Con L’isola dell’angelo caduto Carlo Lucarelli, orchestrando un giallo dalle tinte fosche, ricco di tanti riferimenti storici, e scegliendo le migliori parole per descrivere le infinite emozioni che i protagonisti del suo romanzo provano, prosegue il filone di romanzi di ambientazione storica già sperimentato con successo e raggiunge la perfezione stilistica dei contenuti, del giallo, della rilevanza storica.

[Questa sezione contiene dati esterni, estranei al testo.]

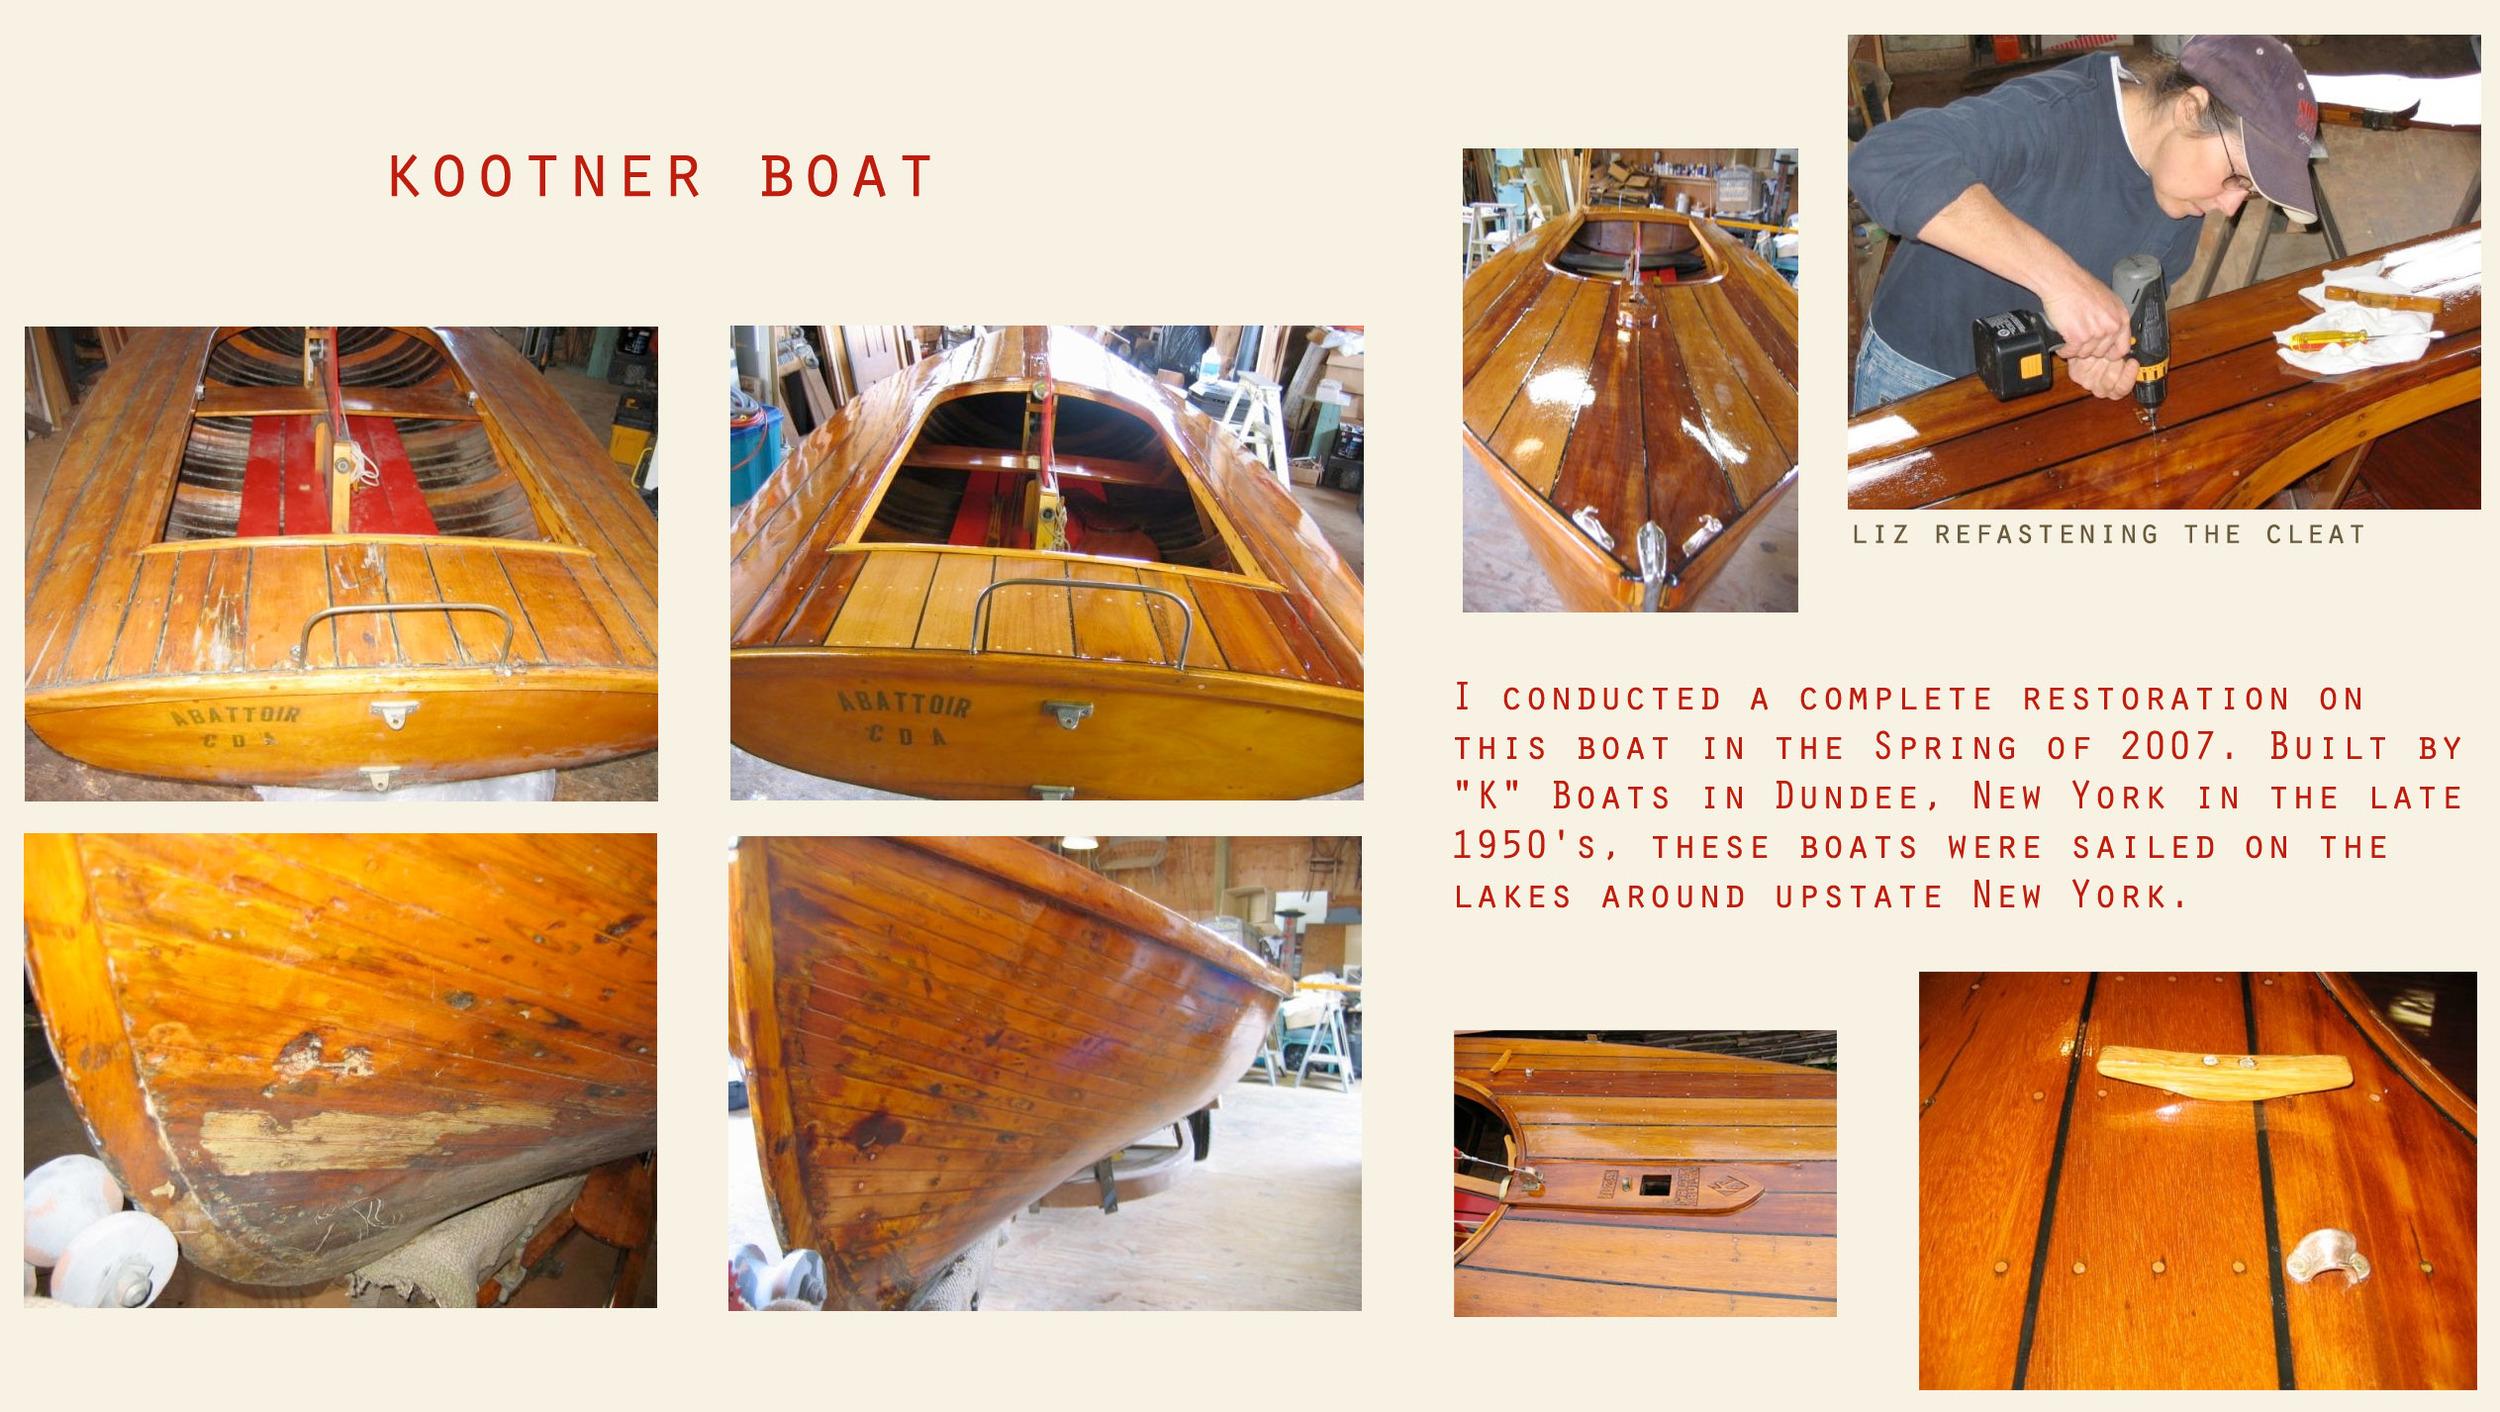 kootner boat.jpg

La vicenda è ambientata durante il ventennio fascista, quando, nel gennaio del 1925, appena annunciata la responsabilità del delitto Matteotti, un giovane Commissario è spedito a rappresentare lo Stato su una su una sperduta piccola ed imprecisata isola siciliana, la Cajenna – originariamente chiamata Capo dell’Angelo Caduto per una leggenda che voleva la caduta sull’isola di uno degli angeli ribelli – una lingua di terra sperduta in mezzo il mare, dimenticata da dio, popolata dalla pazzia, dall’emarginazione, dalla perversione dei suoi abitanti che, oltre ad ospitare una piccola comunità di pescatori e pastori, è utilizzata dal regime Fascista come Colonia Penale per prigionieri politici. Qui, delinquenti comuni e prigionieri politici, oppositori del regime, vivono lontani dalla società, sottostando a ferree regole che proibiscono loro qualunque rapporto con l’esterno. Ma alla Cajenna, costretti ad un esilio forzato dettato dalla propria professione, vivono anche personaggi che con la guerra al Fascismo c’entrano ben poco.

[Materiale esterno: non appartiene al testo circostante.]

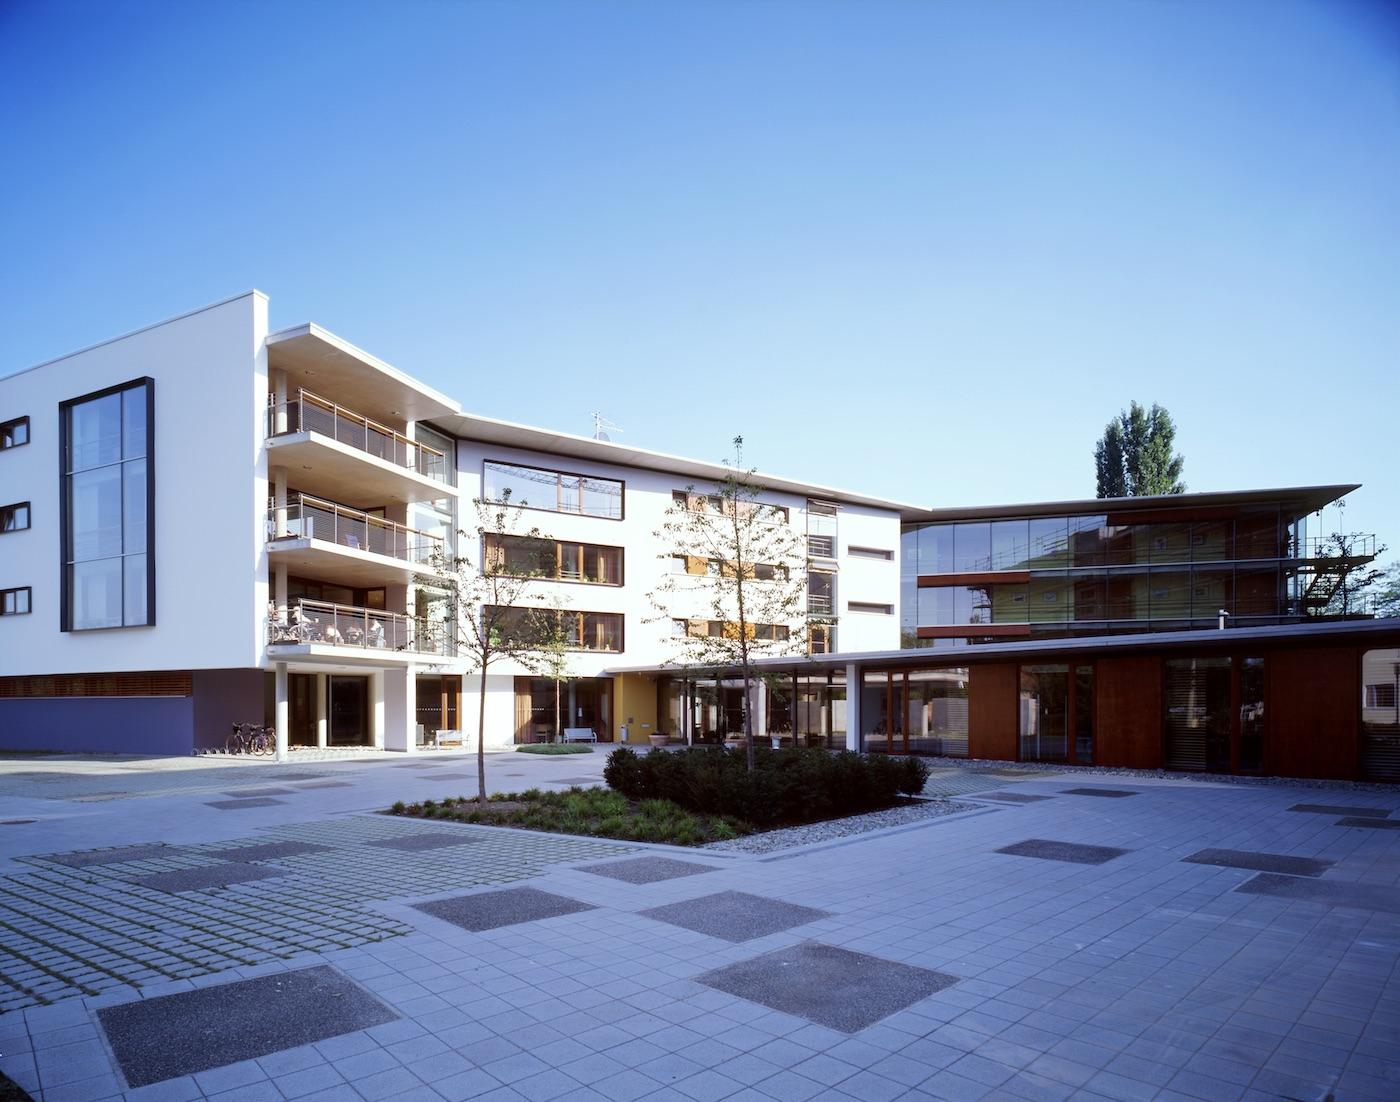 Altenpflegeheim Heideweg

Come in altre opere, il protagonista de L’isola dell’angelo caduto, un commissario di polizia alle prese con una moglie esaurita e depressa, il cui unico desiderio è costituito dalla decisa volontà di lasciare l'isola in cui il marito è relegato per avere arrestato alcuni squadristi ubriachi: all'apparenza il commissario, privo di passione per il proprio lavoro, è un uomo ormai disilluso, né fascista, né antifascista è solo un uomo stanco.
Il ricordo del suo arrivo sull’Isola dell’angelo caduto, con la moglie Hana che si tiene stretta a lui sulla lancia che solca le acque tra il continente e la Cajenna, mentre spera con tutte le sue forze che quanto prima ritornino a casa, è una ferita sempre aperta nell’animo del Commissario.

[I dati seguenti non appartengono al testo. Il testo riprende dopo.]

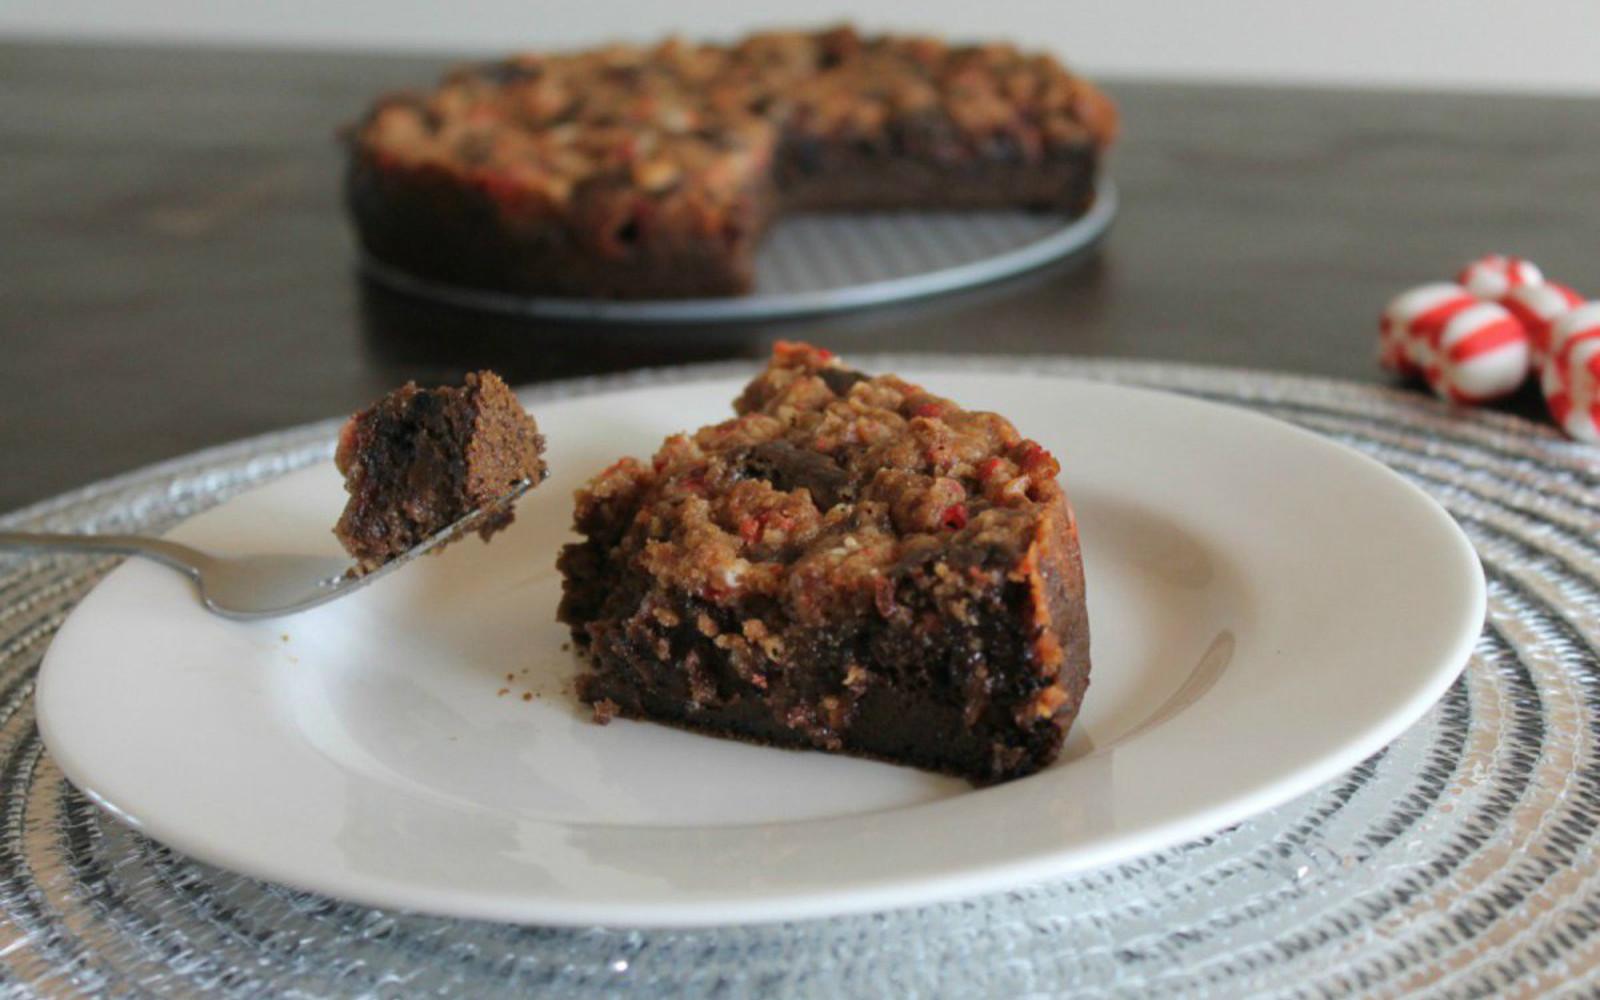 Slice of vegan peppermint mocha crumb cake

Sua moglie ha lentamente perso la ragione, affranta dalla solitudine e dall’atmosfera surreale, quasi diabolica dell’isola, dove il vento non smette mai di soffiare ed il cielo è perennemente ricoperto dalle nubi in cui i personaggi stessi del romanzo subiscono inermi le ambigue influenze dell'isola, ed il Commissario si ritrova a vivere da solo un’esistenza piena di incognite.
Ma qualcosa cambia rapidamente sull’isola, quando è trovato morto un miliziano donnaiolo del temibile Mazzarino, capomanipolo della Milizia e responsabile del carcere. Il Commissario si ritrova, suo malgrado, a condurre un’indagine che la milizia fascista, vuole frettolosamente chiudere, cercando di far passare il tutto come un doloroso incidente.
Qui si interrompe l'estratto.